Too Beautiful For You, Trop belle pour toi, is a terribly very French film with Gérard Depardieu. Depardieu’s character, Bernard Barthélémy, is wealthy, has a gorgeous young wife, kids and a palatial home. Even so, he cannot resist his temp, a frumpy middle-aged women, played by Josiane Balasko as Colette Chevassu, with whom he quickly and irrevocably falls in love.
It is so French to have a man with “all the gifts of heaven” fall for another, especially since she possesses nothing that is valued in a woman, either in France, Hollywood, or even in general, in popular culture all around the modern world: she is not beautiful, she is not thin, she is not poised, she is not young, and she is not wealthy.
The the beautiful Florence Barthélémy, Bernard’s wife, storms into the hotel room wherein he finds Collette, the lover, and shouts, “you are a woman of no apparent charm” — where charm is strictly defined as being without those above-mentioned things.
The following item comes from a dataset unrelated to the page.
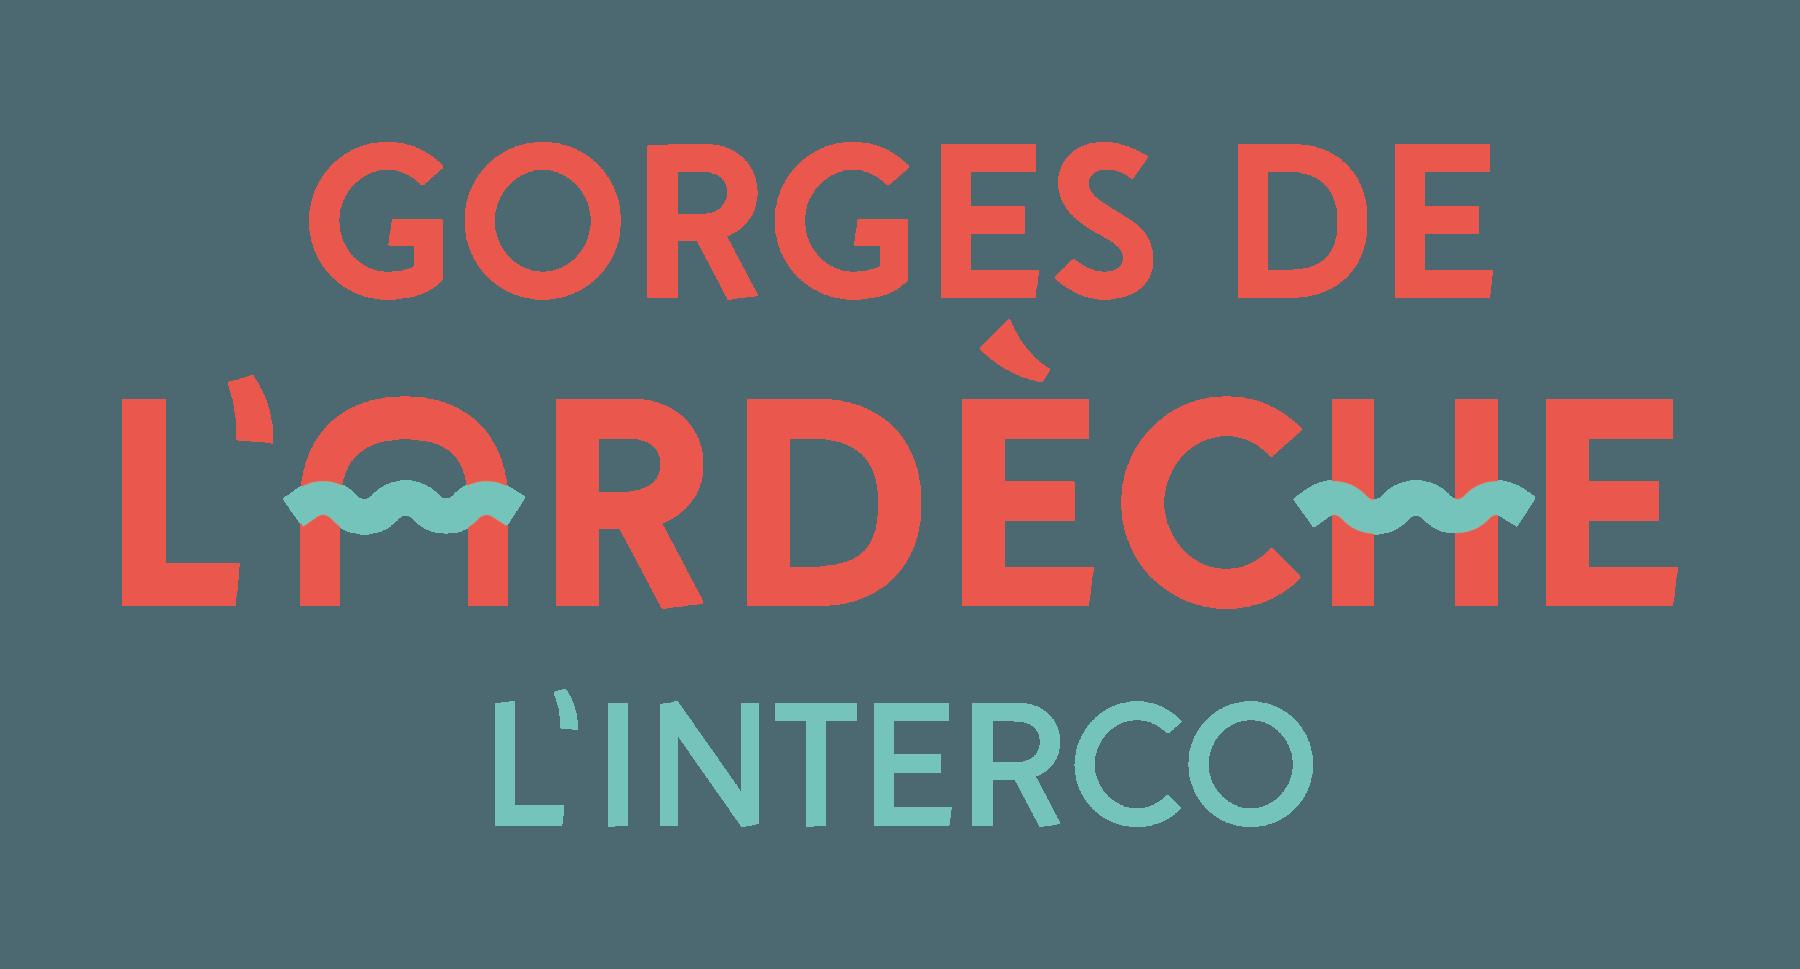 CC-Gorges-Ardeche-Logotype

What she doesn’t know is that in pursuing beauty, she has abandoned what Bernard really needed, which is connection, touch, attention, and adoration from a woman who is happy to be a wonderful lover and a lover of men — someone who is gentle, poetic and kind.
One surely cannot buy that at the Salon or at the Plastic Surgeon. The only thing is that, being French, all they ever do is allow the camera to mock her and all they do in the script is incessantly refer to her, Collette, as being plain, dull, and without charm.